Work request:
Reproduce the data exactly and drop any pictures it holds.

Data provided:
· · · · ·

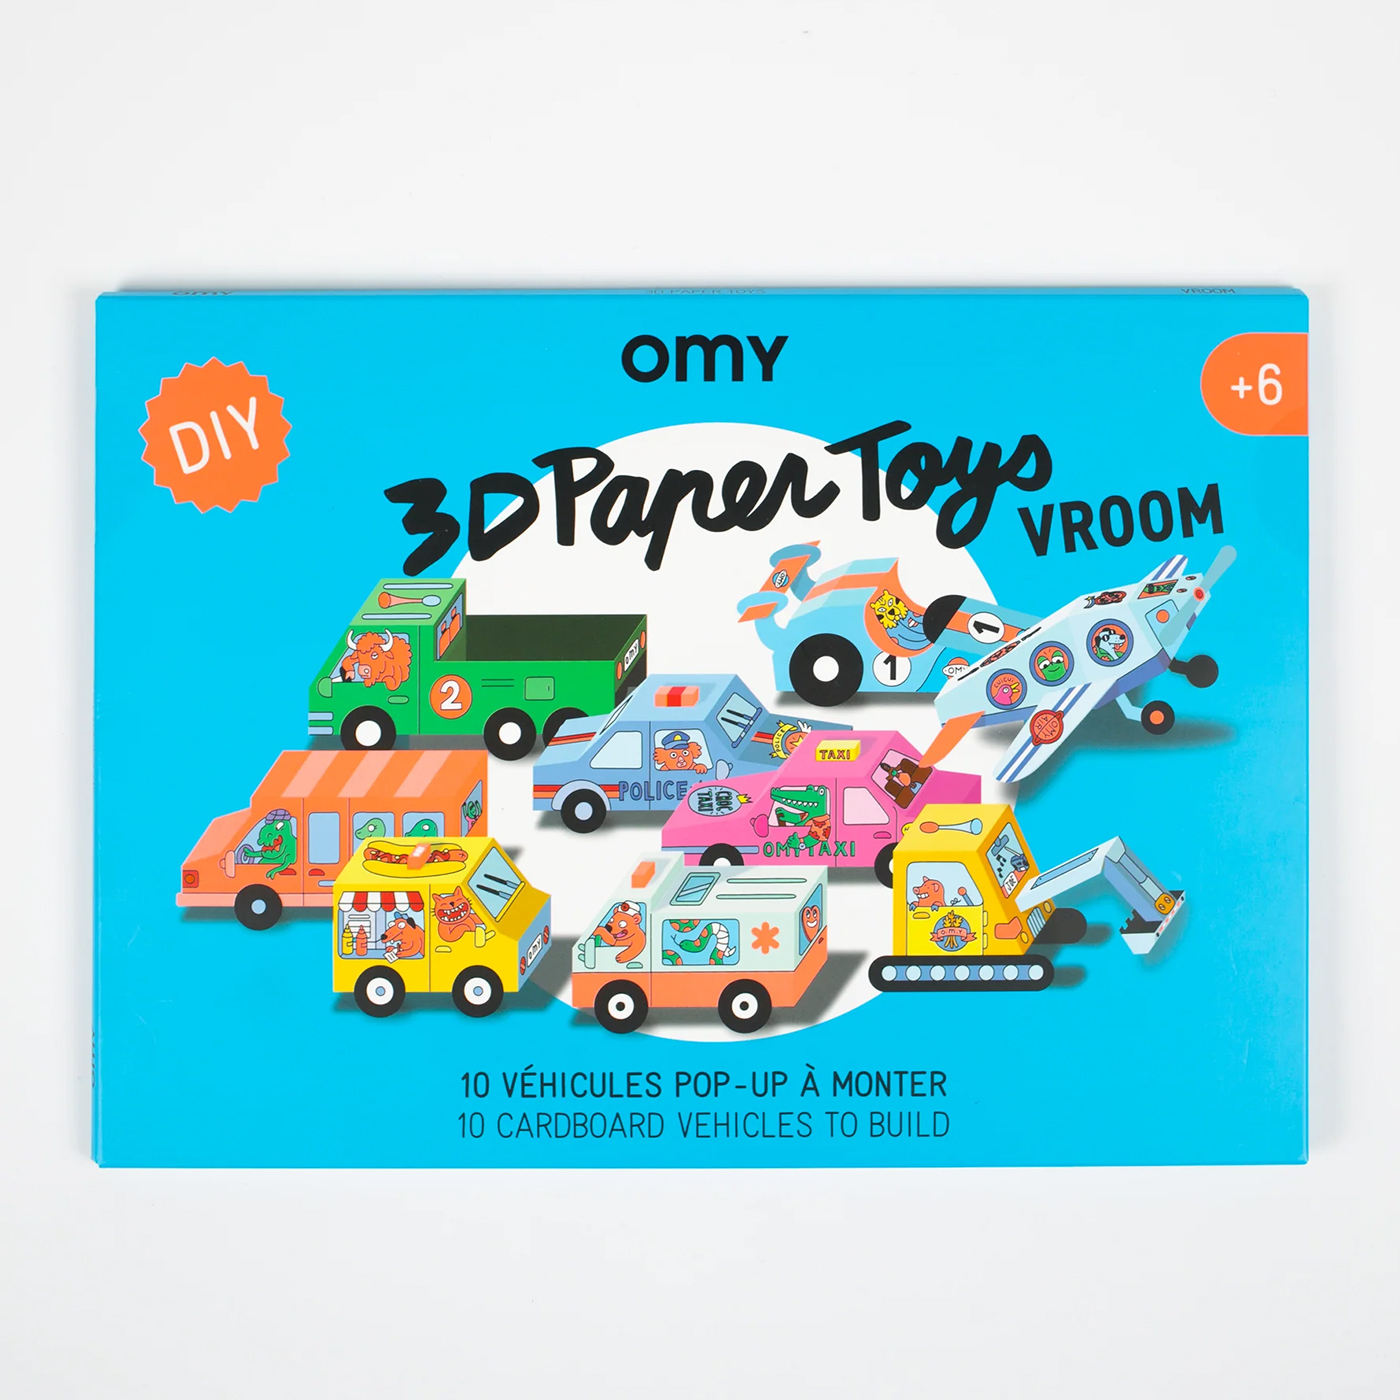 OMY Omy 3D Paper Toys | Vroom
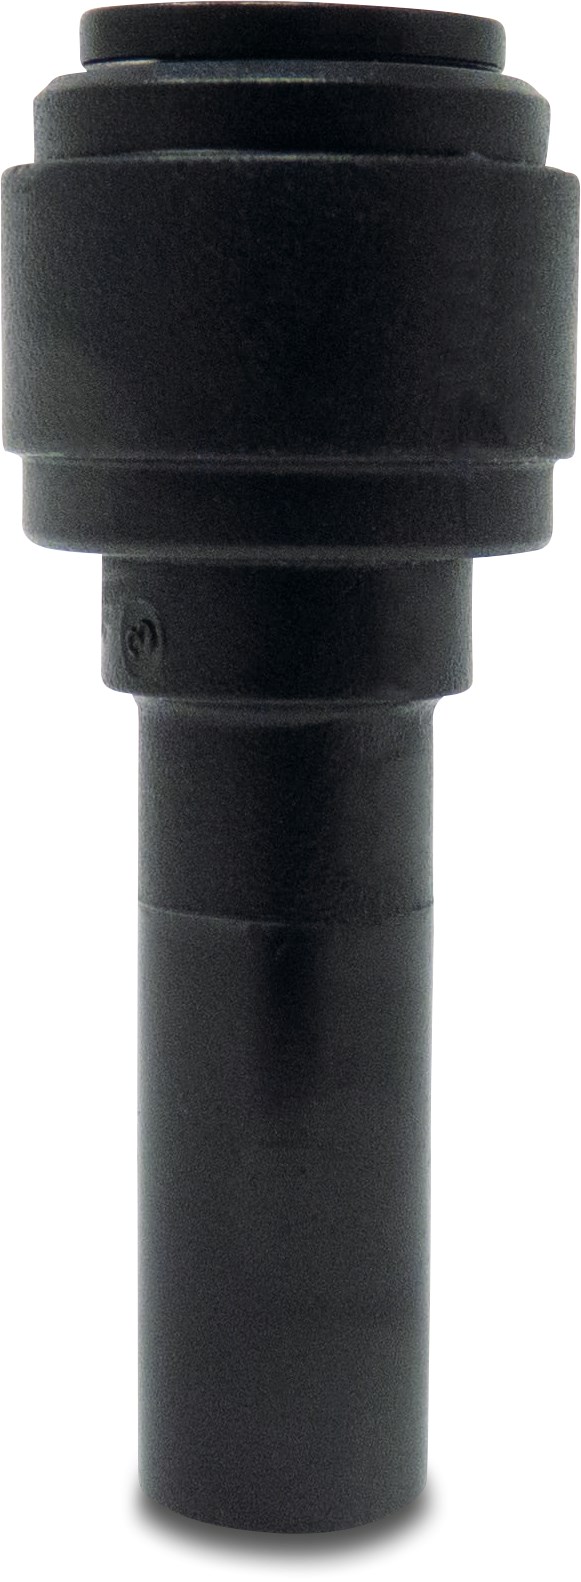 Reducer socket POM 6 mm x 4 mm spigot x push-in 20bar black WRAS type Aquaspeed
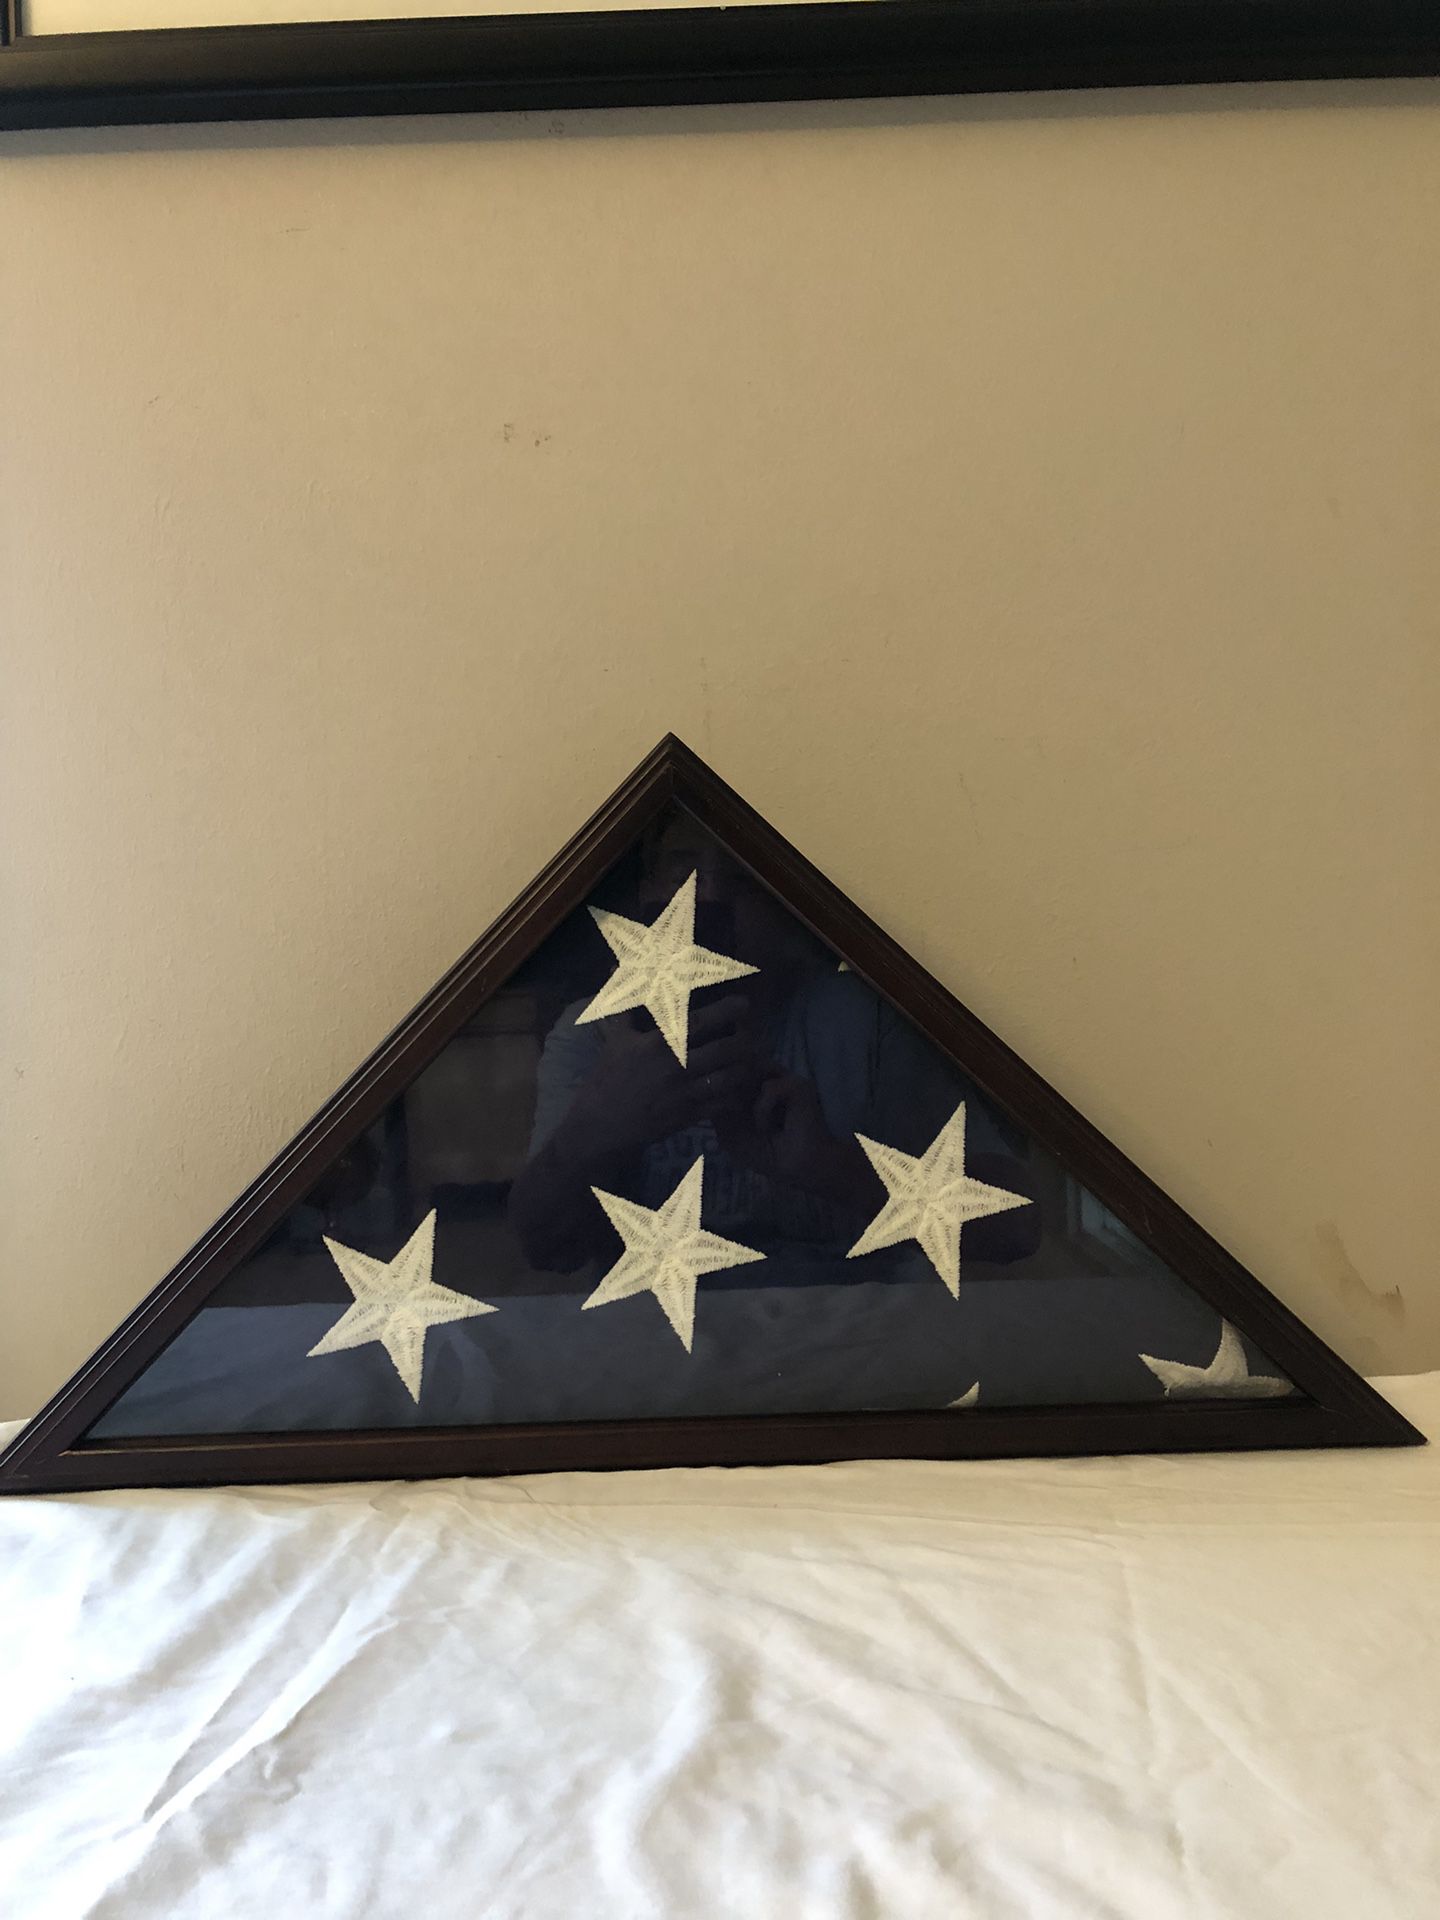  Flag Display Case Wood And Glass FREE USA FLAG

· · · · ·

Answer box:
 OMY Omy 3D Paper Toys | Vroom
 Reducer socket POM 6 mm x 4 mm spigot x push-in 20bar black WRAS type Aquaspeed
  Flag Display Case Wood And Glass FREE USA FLAG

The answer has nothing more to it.